This project focuses on 3D scene reconstruction by means of clasis photogrametry principles using MATLAB. To generate the poincloud the following steps will be done:

  • Design a support for the stereo cameras to ensure the same external parameters in all images.

* Stereo camera calibration to extract the intrinsic parameters of both sensors and the position of the right camera relative to the left (main) one.

* Obtain a set of consecutive images of the environment to recostruct.

* Use Structure from Motion (Visual odometry) to estimate the actual position of the left camera with respect to the previous frame, and with the extrinsic parameters estimate also the right camera position relative to the new left camera transformation.

* Extract a 3D poincloud by means of disparity map or feature triangulation for every camera pose.

* Fusion those pointclouds with different orientations to make a sigle output with all the camera views.

* (Extra) Extract 3D known shapes from the computed poincloud (spheres, cones, etc.)

Main issues

  • When obtaining the stereo pair images at freehand some error due to hand tremoring can be induced, affecting the computation of the disparity map.
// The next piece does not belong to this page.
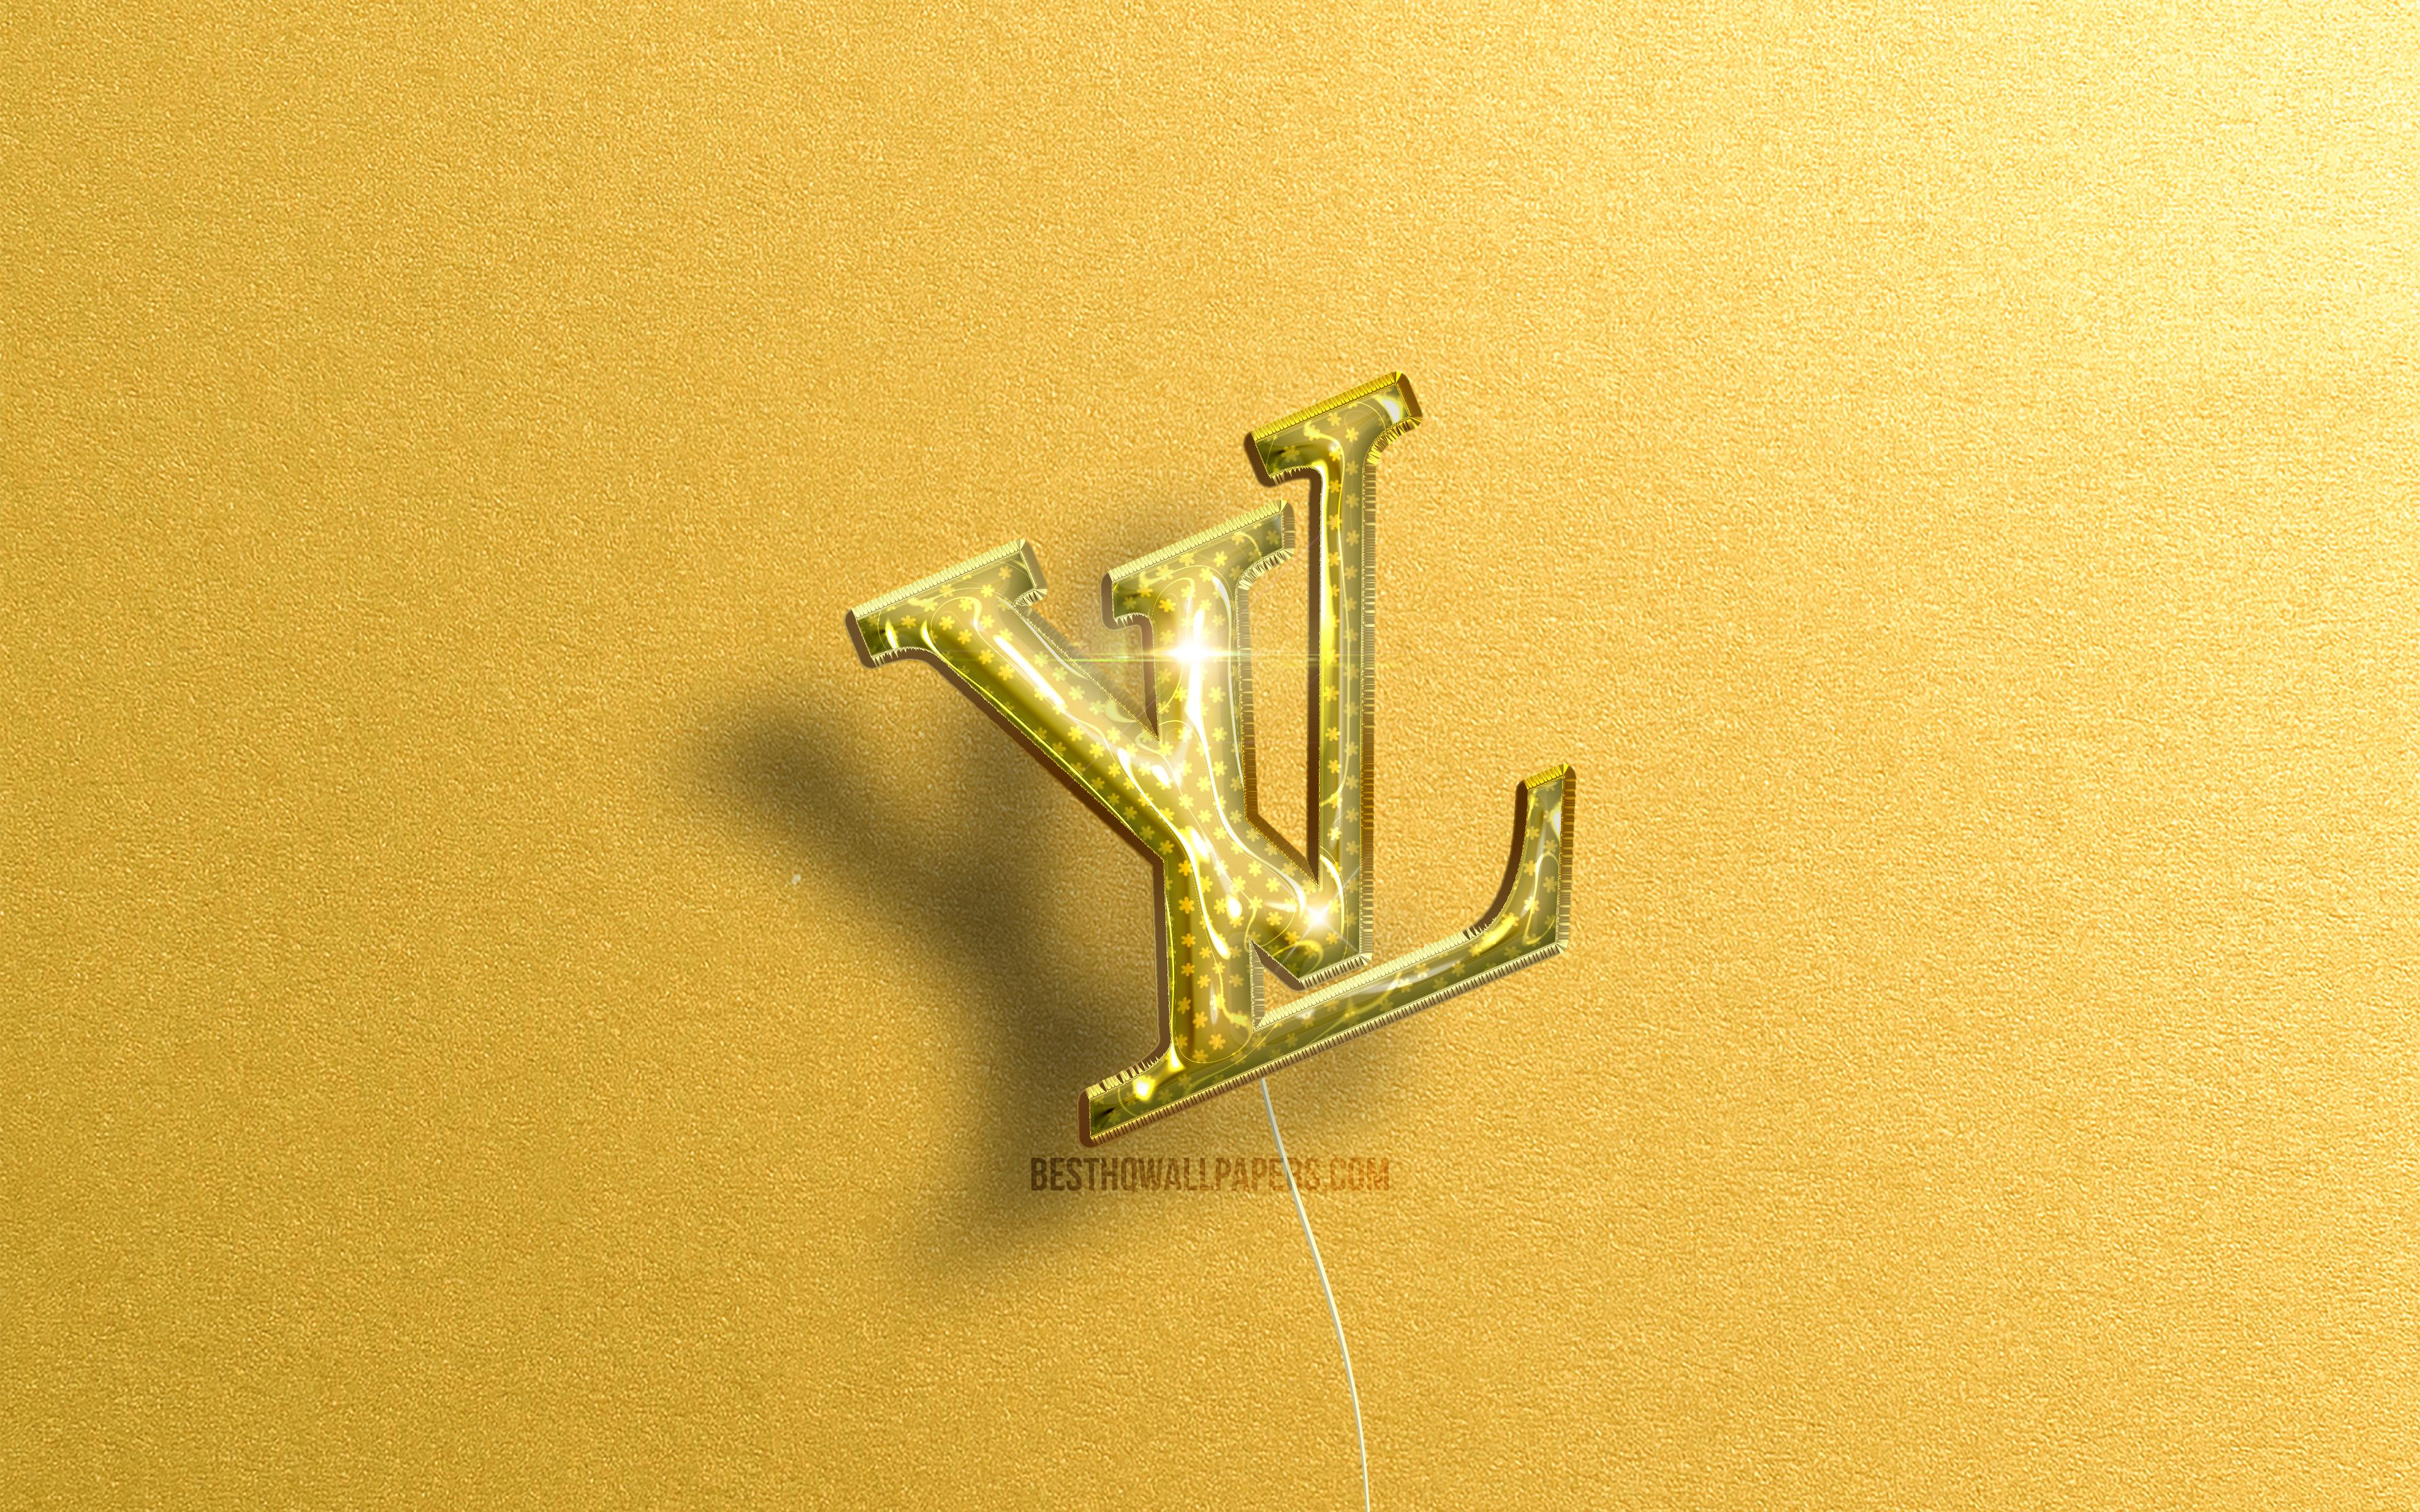 Louis Vuitton logo, violet realistic balloons, Louis Vuitton 3D

As it is known, the colser objects have bigger disparity and the ones that are futher away have less disparity between pixels. This and tremor affcts more to the objects that are colser to the cameras on the scene.

To solve this a base for the cameras have been designed in order toavoid this hand tremoring. Better solutions can be implemented such as synchronize the shutter of the cameras, some cameras can accept software triggering or some PWM hardware triggering to capture the images with the same timestamp, in this report this approach will not be used.

  • Photogrametry algorithms like this one does not hanle reflections, this is because the features of one image does not correspond with the ones on the other one, causing problems on reconstructing reflecting surfaces.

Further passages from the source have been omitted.